Abstract
Susac’s syndrome (SuS) is a rare, probably autoimmune endotheliopathy of the
central nervous system, retina and inner ear. It is characterized by a clinical
triad of encephalopathy, branch retinal artery occlusions (BRAOs) and
sensorineural hearing loss. To date, more than 300 cases of SuS have been
reported in the literature. However, SuS remains an under- and misdiagnosed
entity in the clinical setting. This report presents an exemplary case of a
patient, who was initially misdiagnosed with relapsing-remitting multiple
sclerosis. At initial presentation, the patient did not demonstrate the complete
clinical triad, and the interval between symptom onset and diagnosis was 4
months. Typical diagnostic features, which enabled the diagnosis of SuS were: a)
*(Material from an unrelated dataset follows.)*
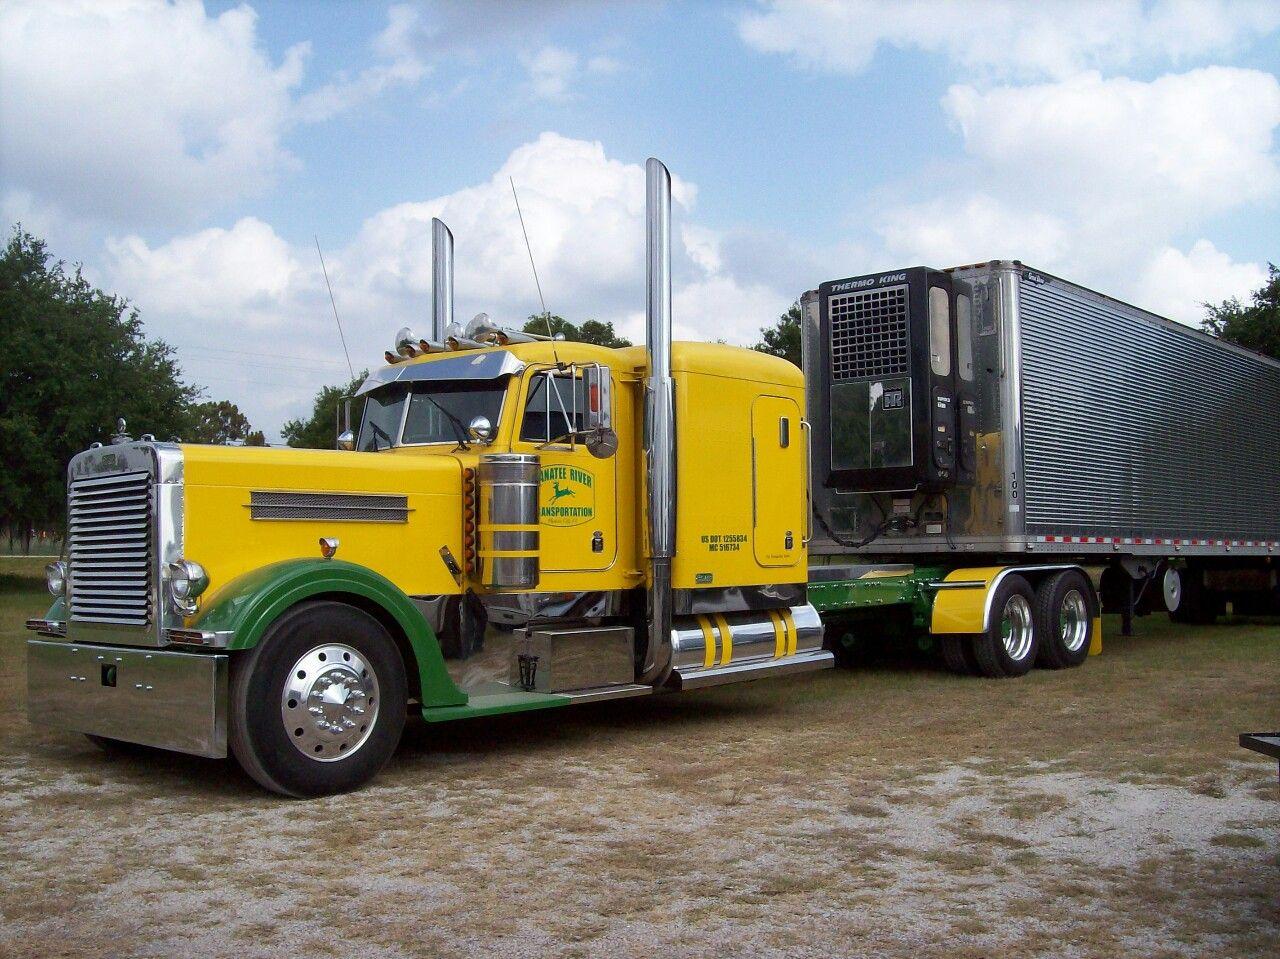 truckingworldwide: 1996 Peterbilt custom 379 EX

MRI findings with T2-hyperintense snowball-like lesions of the corpus callosum
and subcortical white matter and hyperintense lesions in diffusionweighted
imaging with reduced apparent diffusion coefficient; b) BRAOs and vessel wall
hyperfluorescence in fluorescein angiography and a significant thickness
reduction of the inner retinal layers in optical coherence tomography; c)
bilateral sensorineural hearing loss. The patient was aggressively treated with
cyclophosphamide, rituximab, glucocorticoids and acetylsalicylic acid with a
good response to therapy. This report draws attention to the need to take SuS
into consideration in the differential diagnosis at the interface of
neurological, psychiatric, ophthalmological and otorhinolaryngological
disorders. As SuS may result in severe and persistent neurological deficits, an
interdisciplinary collaboration is fundamental for the prompt diagnosis and
initiation of adequate immunosuppressive treatment.